Research Project
Grant-in-Aid for Early-Career Scientists
ミトコンドリアは母系遺伝することが知られているが、哺乳動物において精子ミトコンドリアが積極的な排除を受けるのか否かという議論が現在も続いている。受精卵内に侵入した精子由来ミトコンドリアがどのように消失するのかを超微形態学的側面から明らかにするのを目的とし、卵細胞の“光‐電子相関顕微鏡(CLEM)法”とFIB-SEMトモグラフィー法の条件検討とともに、オートファゴソーム膜の標識法の検討を行った。
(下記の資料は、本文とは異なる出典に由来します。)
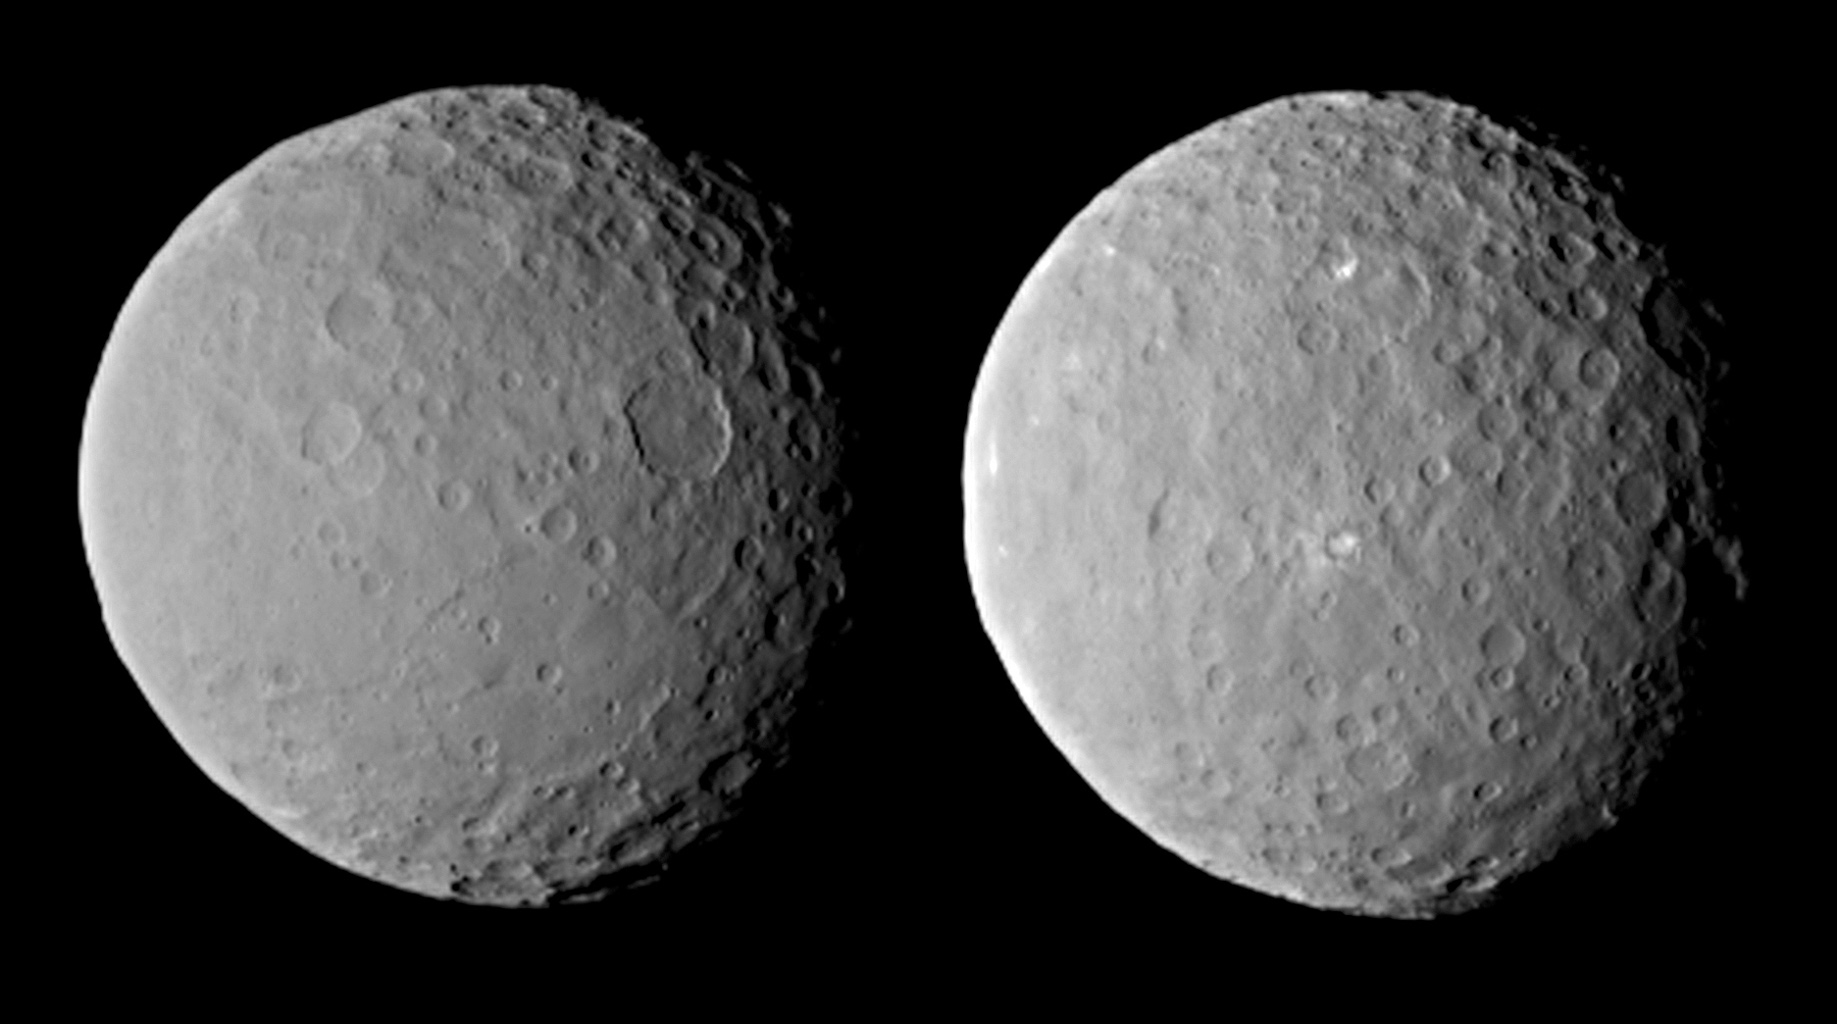 Views of Ceres on Approach

卵巣より回収した未受精卵を実体顕微鏡下で1個ずつ区別し、アガロースゲルに包埋後、個別に電子顕微鏡用試料作成を行った。直径100μm以上の卵細胞をFIB-SEM観察を行うため約20μm厚の切片を作成した。ダイヤモンドナイフを加温し、切片が刃を滑りやすくする処理を施すことで、比較的滑らかな表面の切片を連続して得ることができた。得られた切片をFIB-SEMを用いて連続切削像を取得した。より簡便に試料作成する条件、FIB-SEM観察により最適な切片の厚さをさらに検討したい。オートファジーの過程を電子顕微鏡下で可視化するために、オートファゴソーム形成因子であるLC3にAPEXをタグ付けした発現ベクターを構築し、培養細胞へ過剰発現させた。APEXとDABの反応産物が隔離膜様の構造付近に観察されたものの、膜上から細胞質へ拡散しており期待したほどの標識が得られなかった。隔離膜上に局在する他のオートファジー形成因子のAPEXタグタンパク質を構築・発現し、オートファジーの標識に有効な因子を検討したい。